Abstract

The rotor axes in low pressure turbines and generators in service are occasionally subjected to such a loading that a few overloads happen to be overlapped to the steady state repetition of low level stresses. Unless understanding the influence of overloads, therefore, the fatigue design of turbine rotors will not be completed. Such loadings supposedly give rise to an extreme acceleration of fatigue crack growth. In this paper, by employing the same material as usual low pressure turbine rotors', heat-treated 3.5Ni-Cr-Mo-V steel, the influence of overloads on the fatigue damage in the crack initiation and growth stages was investigated in alternating two-load level fatigue tests.
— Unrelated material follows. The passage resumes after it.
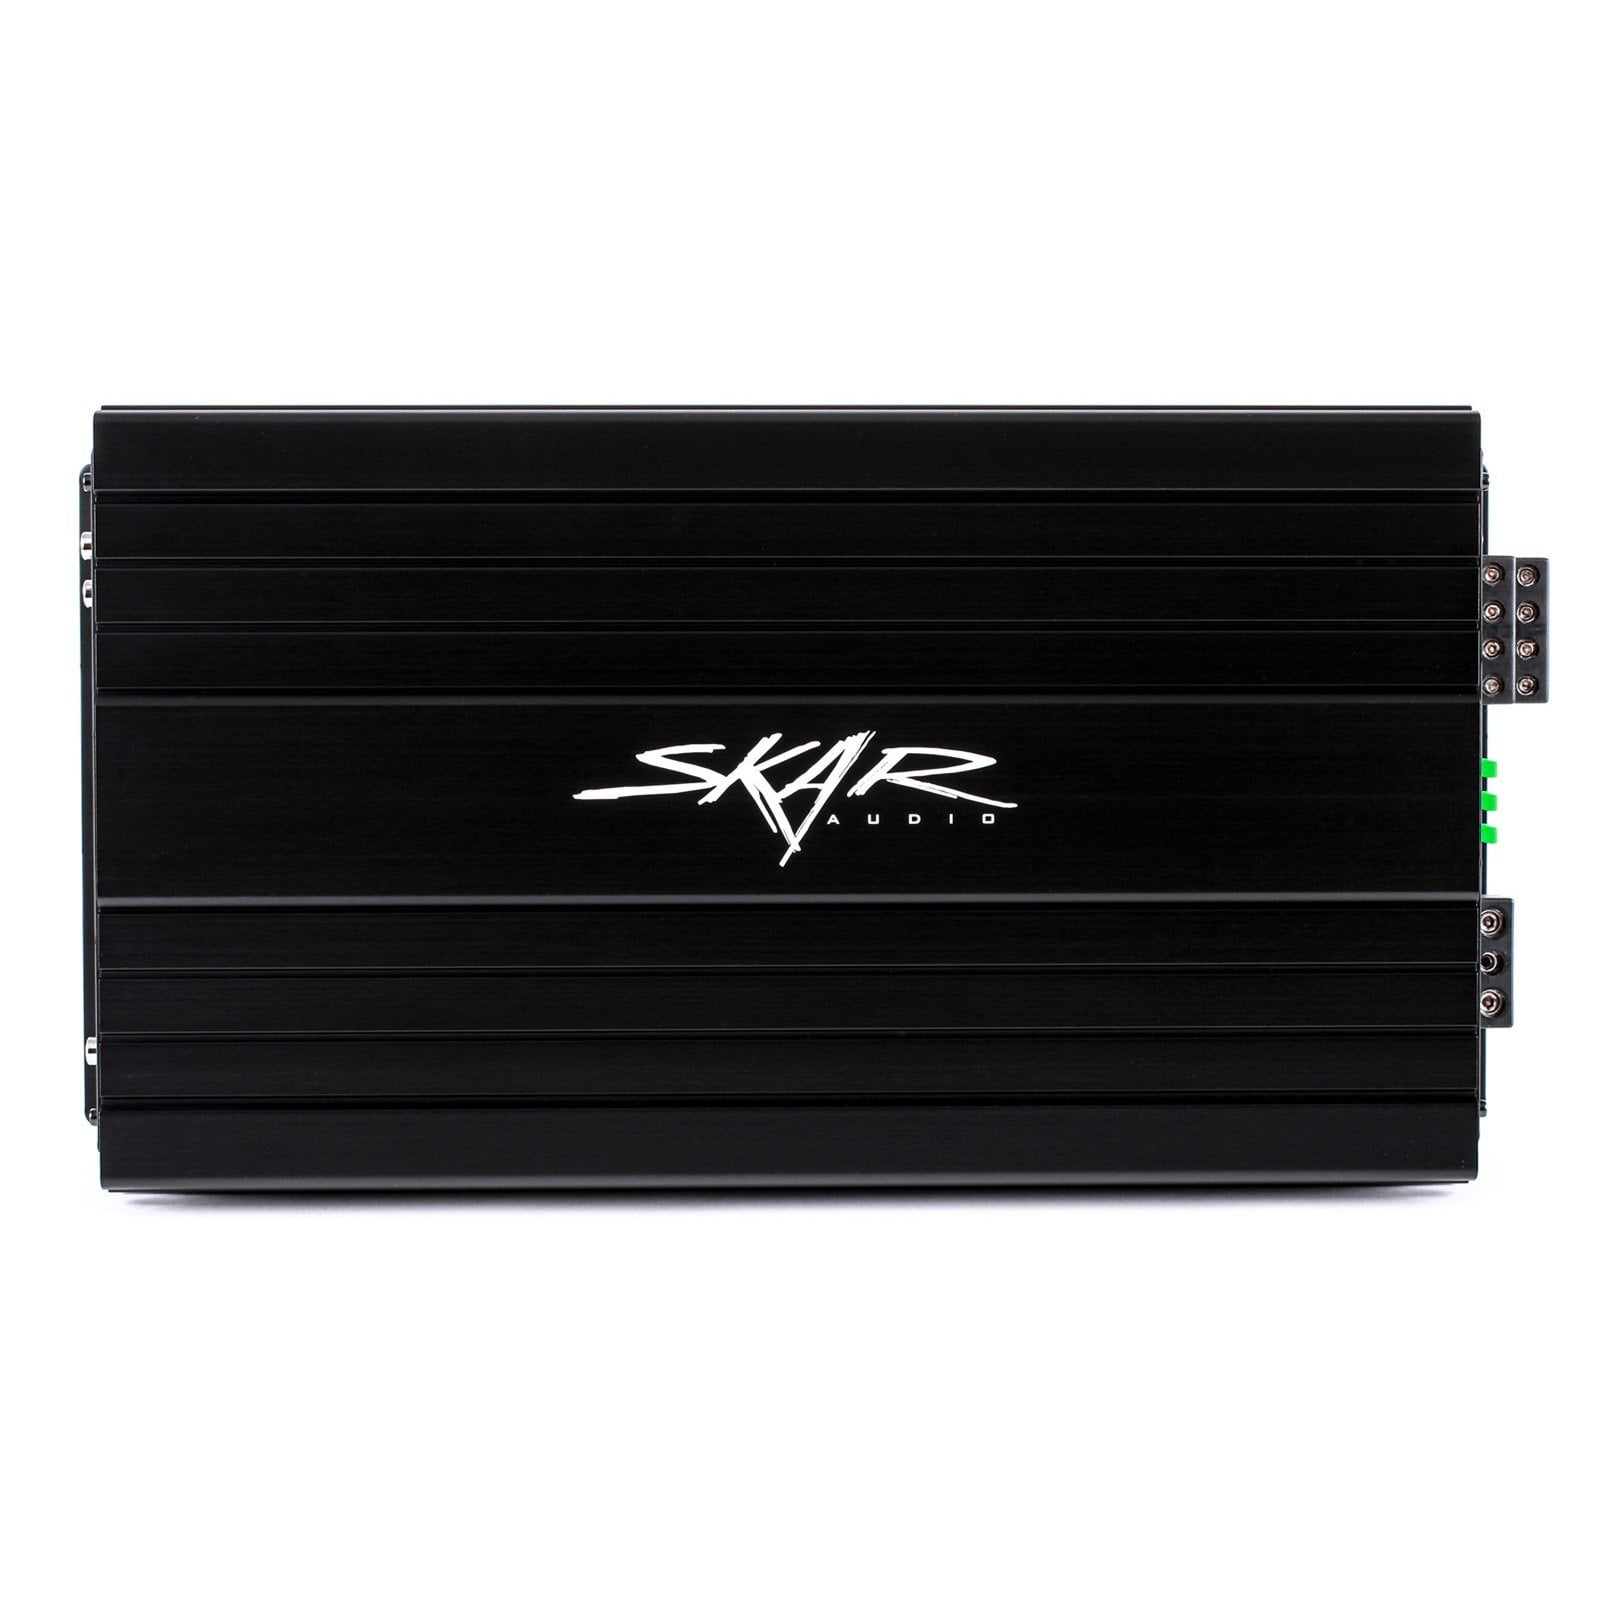 Skar Audio SKv2-100.4AB 800 Watt Class AB 4-Channel Car Amplifier - Front View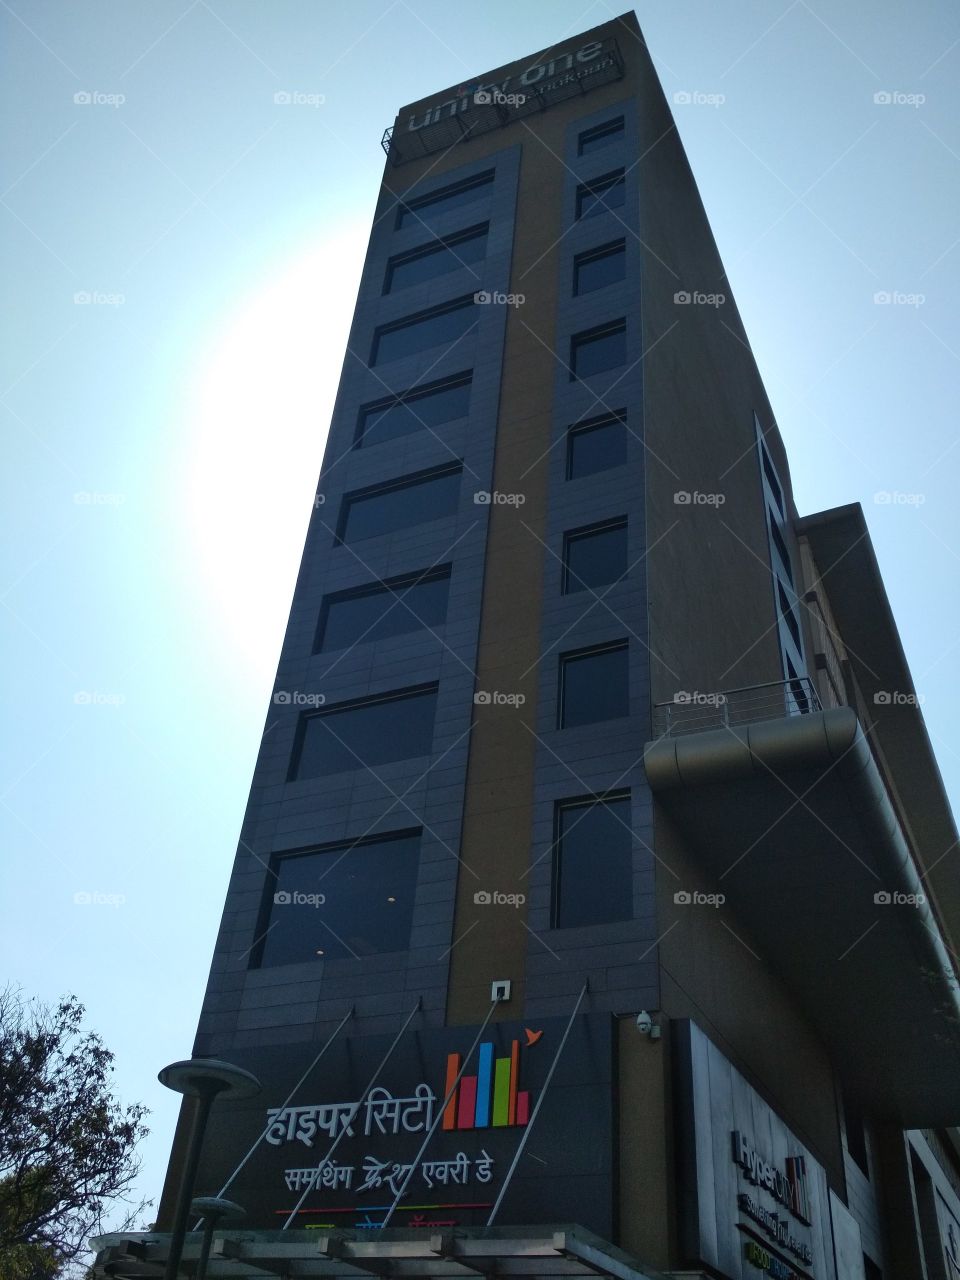 Tall building in new delhi

The base block consisted of axial reversed strain cycling Δep=0.5% as overloads and constant stress cycling σa=421MPa (above the fatigue strength) or 372MPa (below the fatigue strength) as a baseline loading.Contrasting to the previous investigation on an annealed S40C steel, the material exhibited cyclic softening in the low cycle fatigue test whereas the induced plastic strain during the low cycle fatigue stage disappeared gradually in the course of the following base line loading; the application of overloads always reduced the crack initiation life. The failure life was also reduced shorter than the predicted from Manson's double linear damage rule with using the fatigue properties of virgin material. The crack growth retardation, which may be induced by the application of overloads in the crack growth stage, was not observed on this material unlike on the previous carbon steel.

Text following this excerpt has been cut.